**The problem**
With the images removed, write out every line below exactly.

+++ Provided data

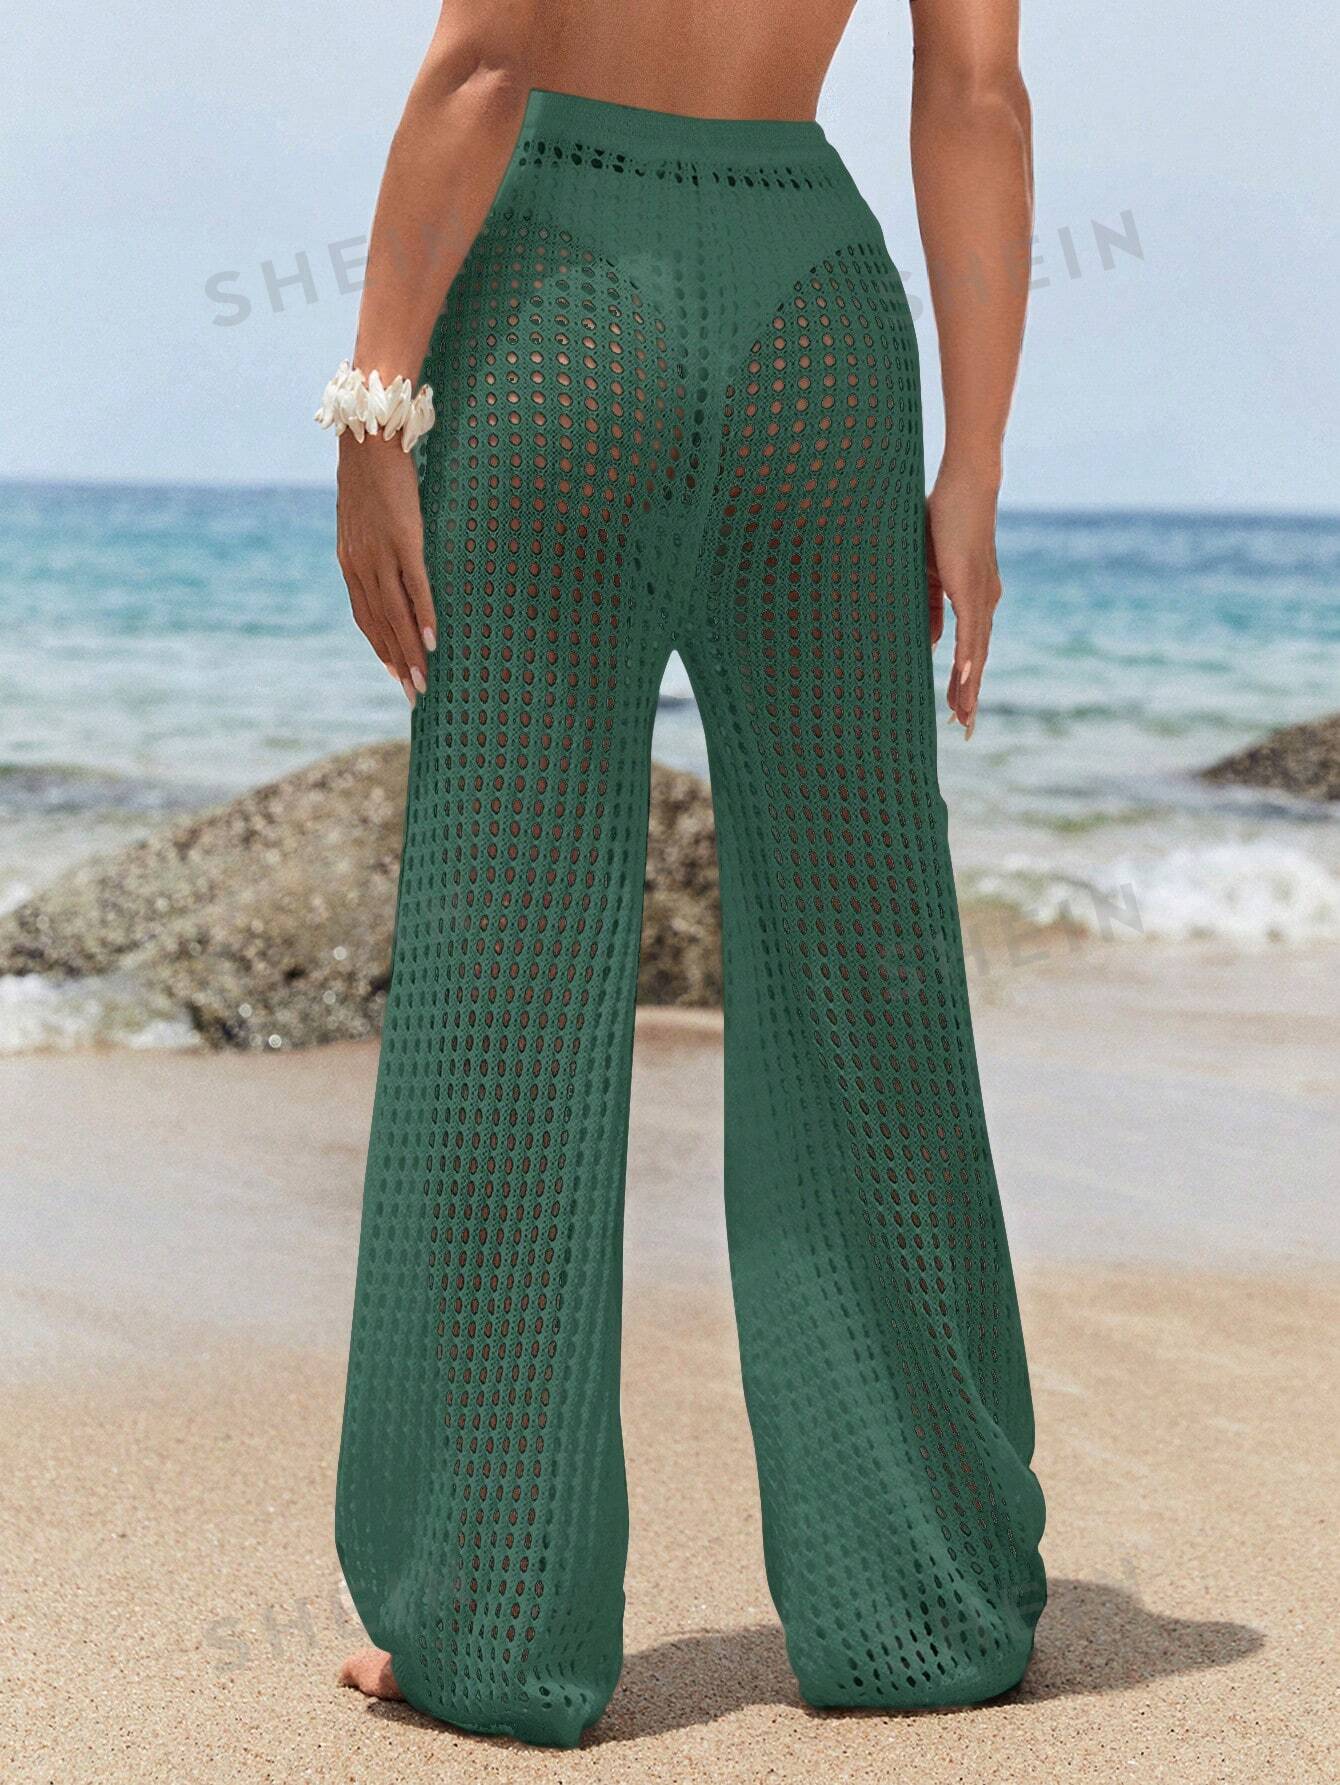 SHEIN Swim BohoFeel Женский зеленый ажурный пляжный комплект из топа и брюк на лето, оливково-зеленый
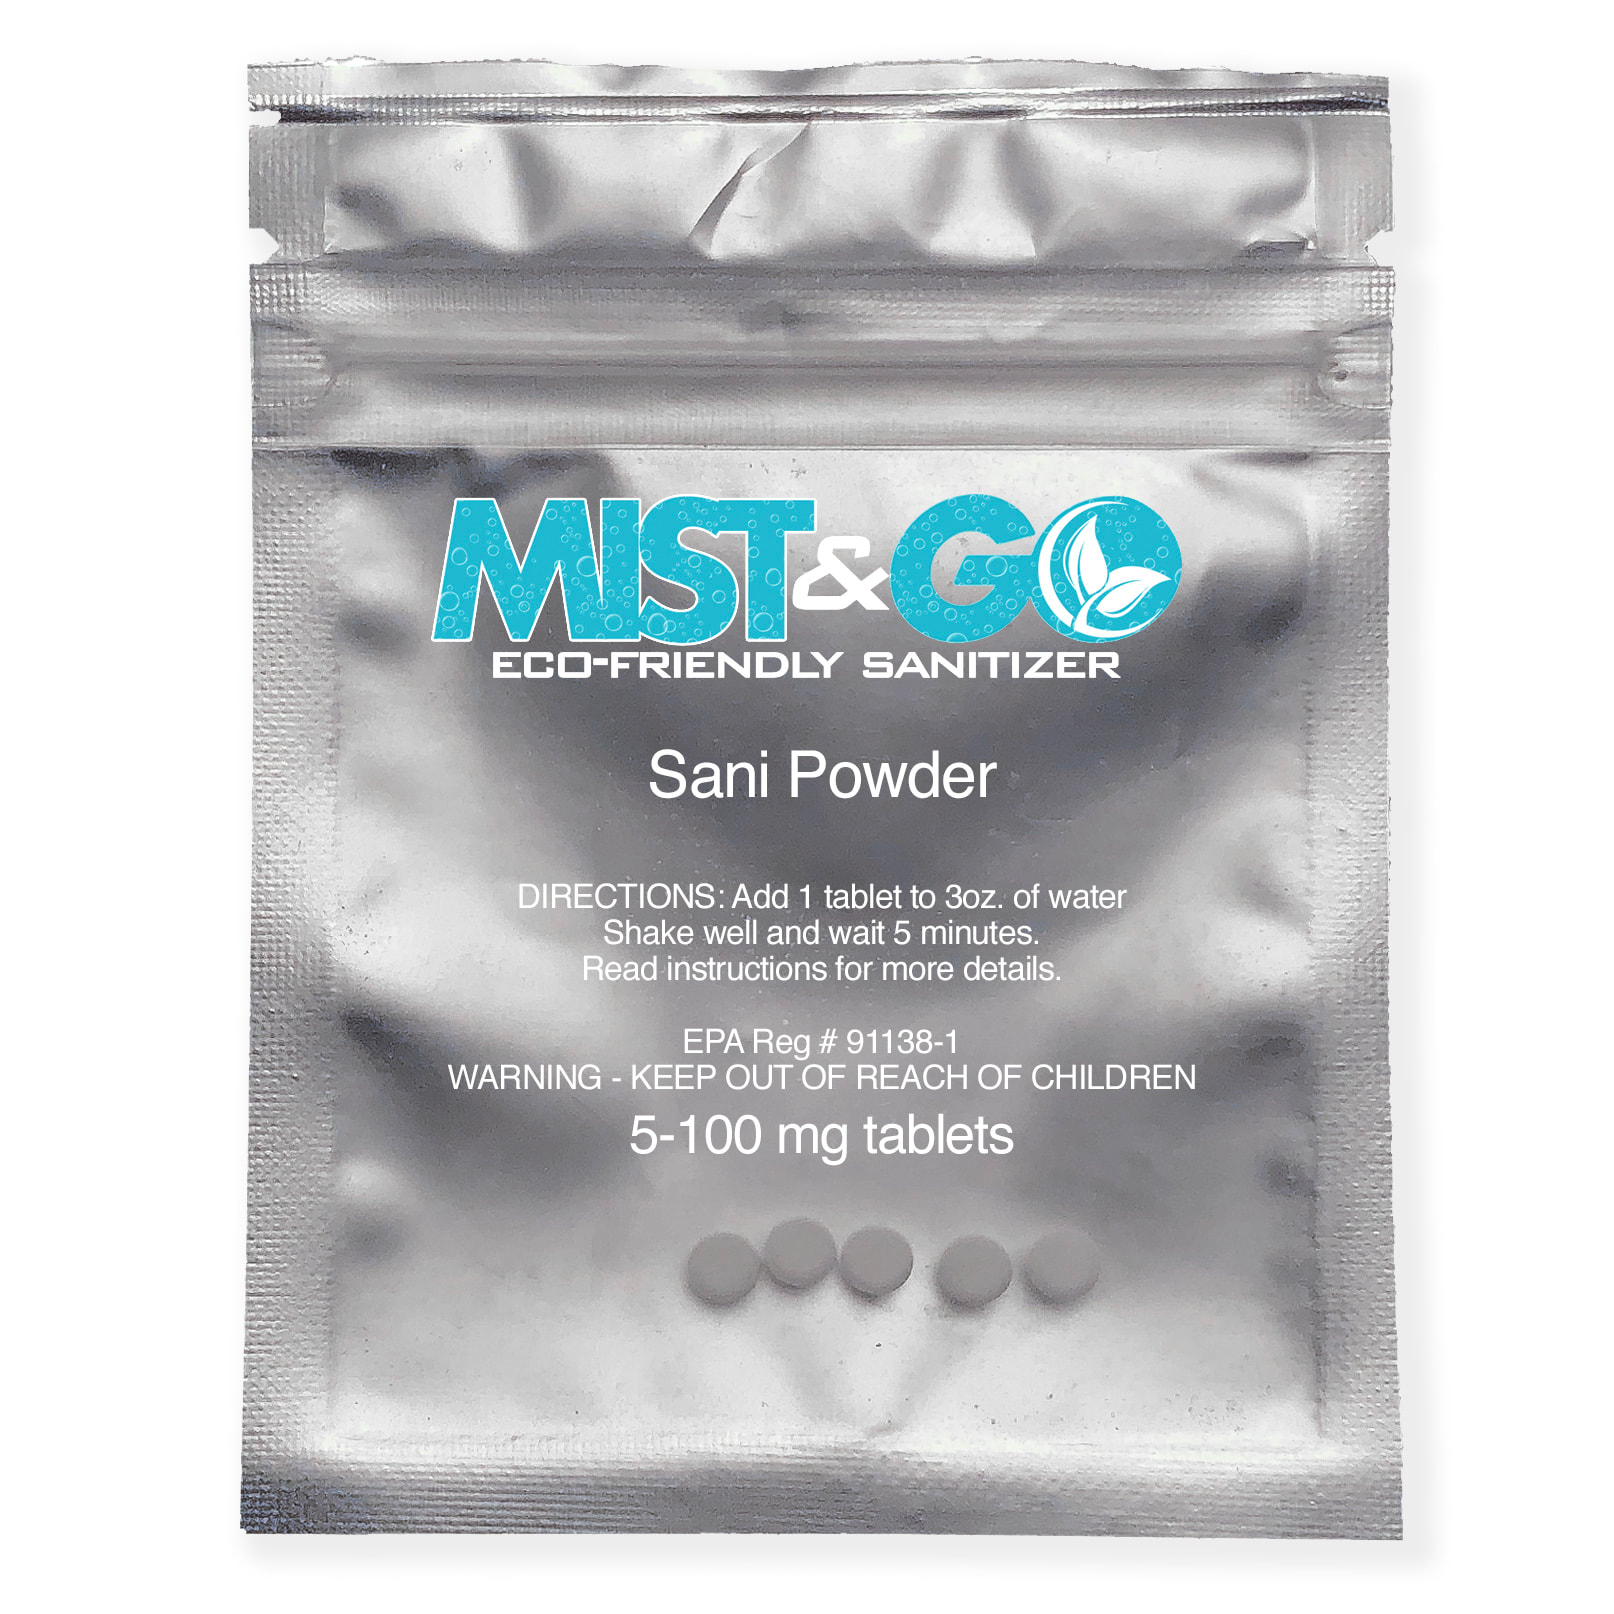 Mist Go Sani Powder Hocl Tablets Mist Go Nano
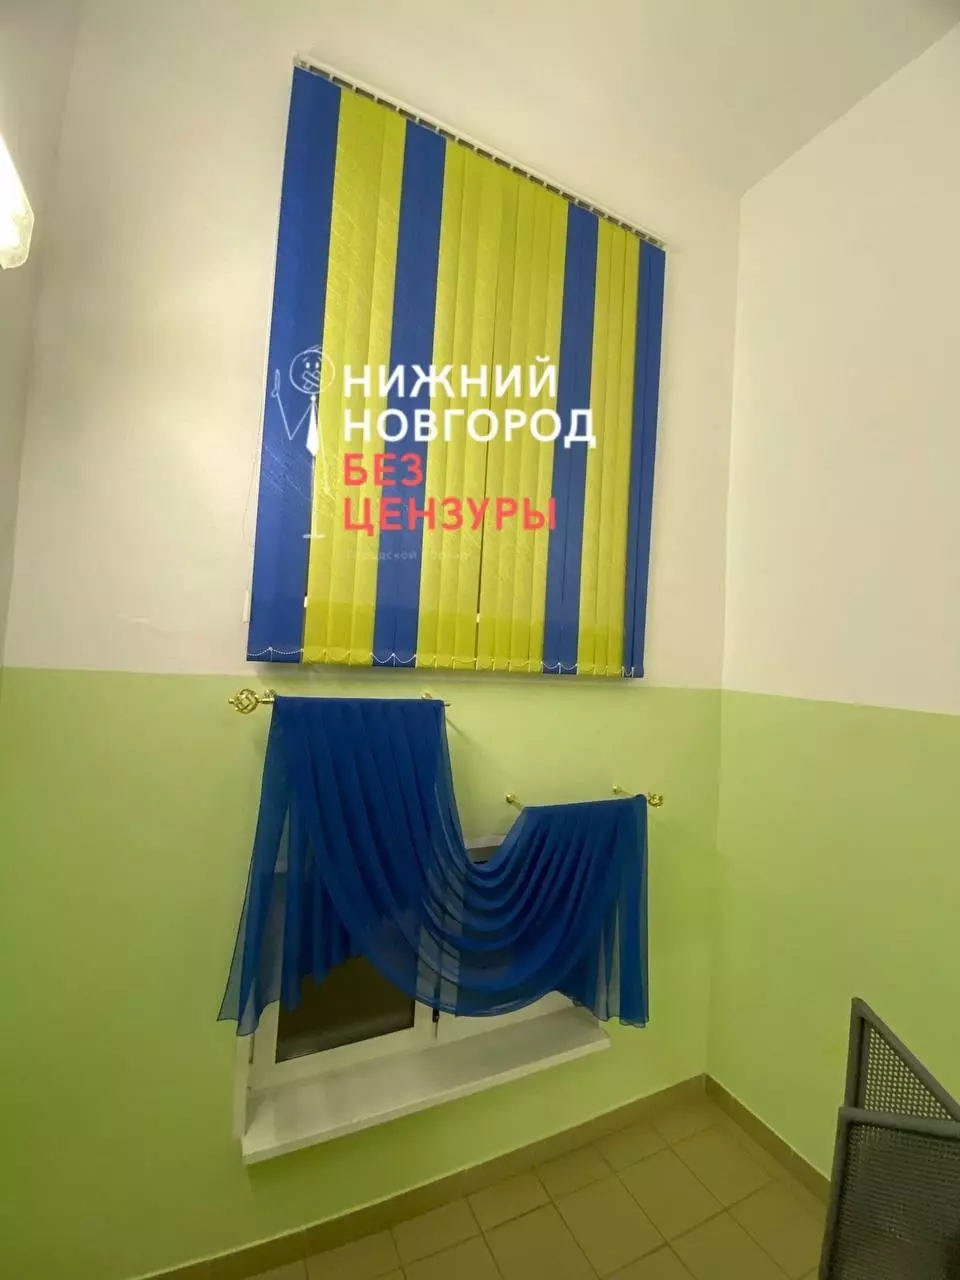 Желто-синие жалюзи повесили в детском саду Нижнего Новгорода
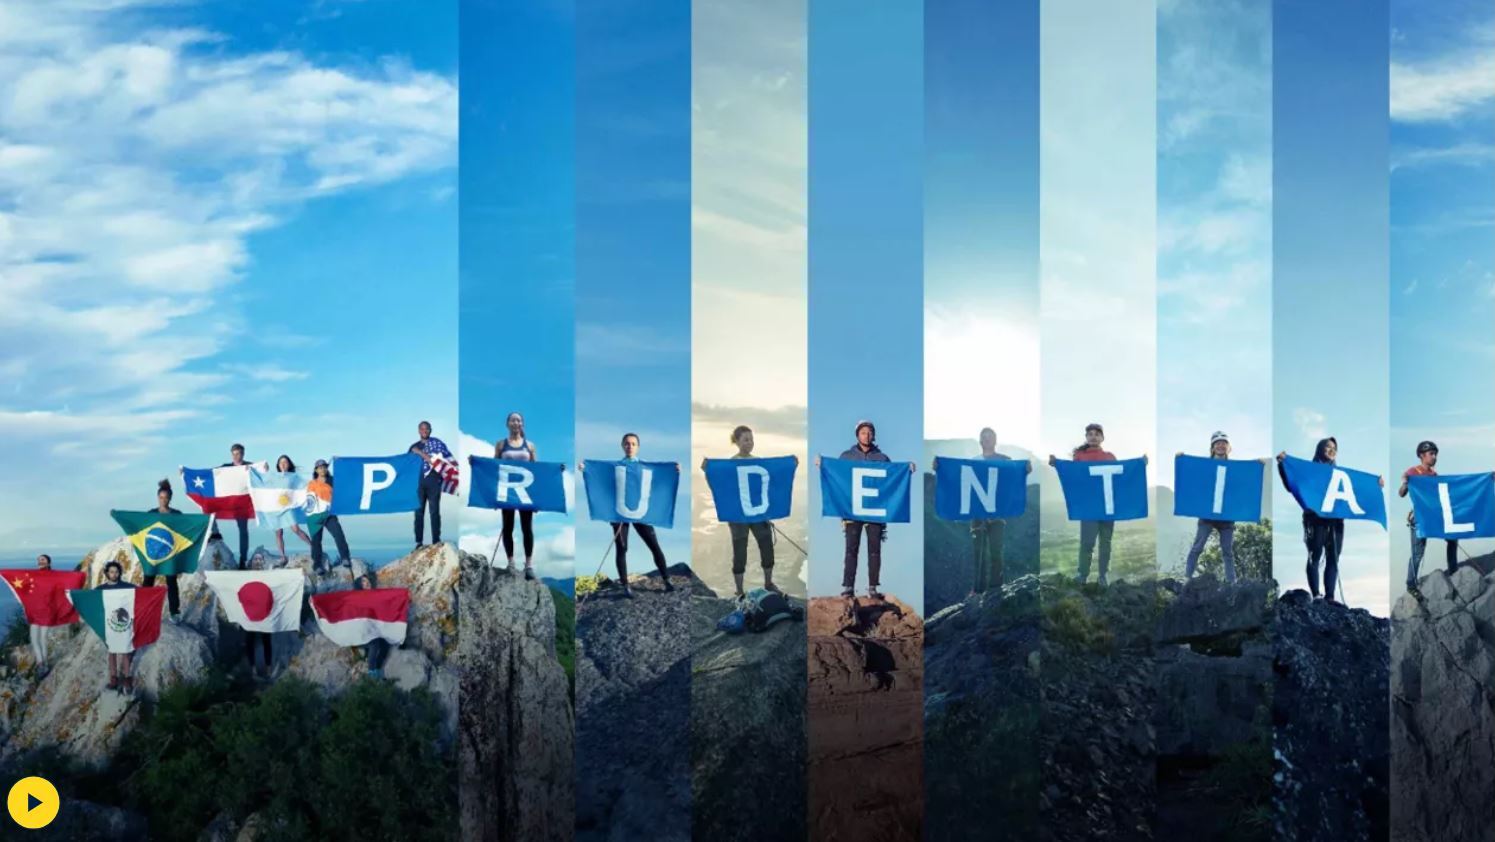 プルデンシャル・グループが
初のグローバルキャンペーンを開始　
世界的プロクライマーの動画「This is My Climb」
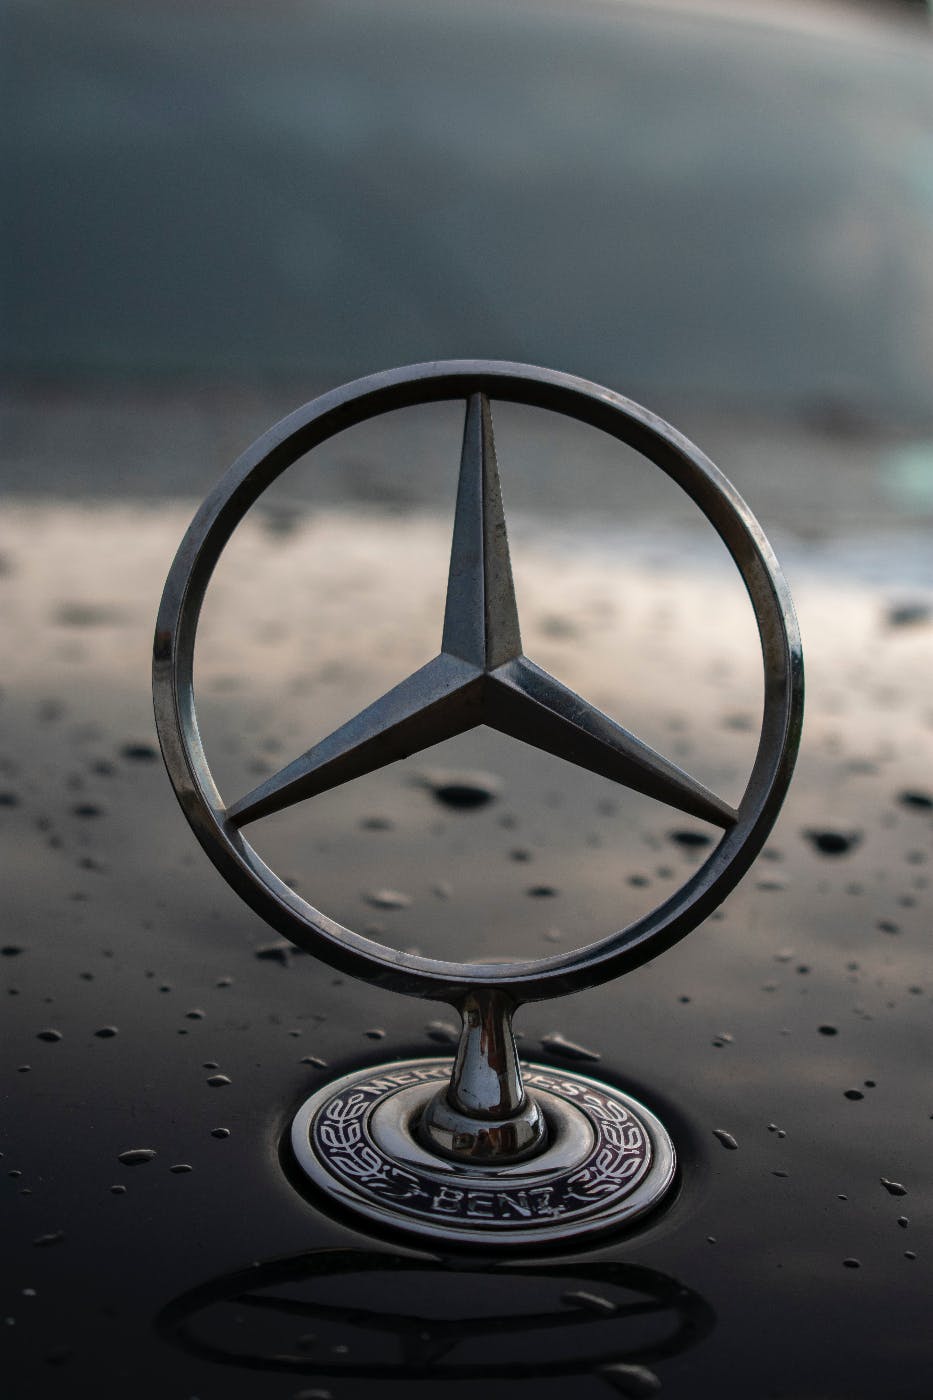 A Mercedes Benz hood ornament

++++++

**Answer space**
 SHEIN Swim BohoFeel Женский зеленый ажурный пляжный комплект из топа и брюк на лето, оливково-зеленый
 Mist Go Sani Powder Hocl Tablets Mist Go Nano
 Желто-синие жалюзи повесили в детском саду Нижнего Новгорода
 プルデンシャル・グループが
初のグローバルキャンペーンを開始　
世界的プロクライマーの動画「This is My Climb」
 A Mercedes Benz hood ornament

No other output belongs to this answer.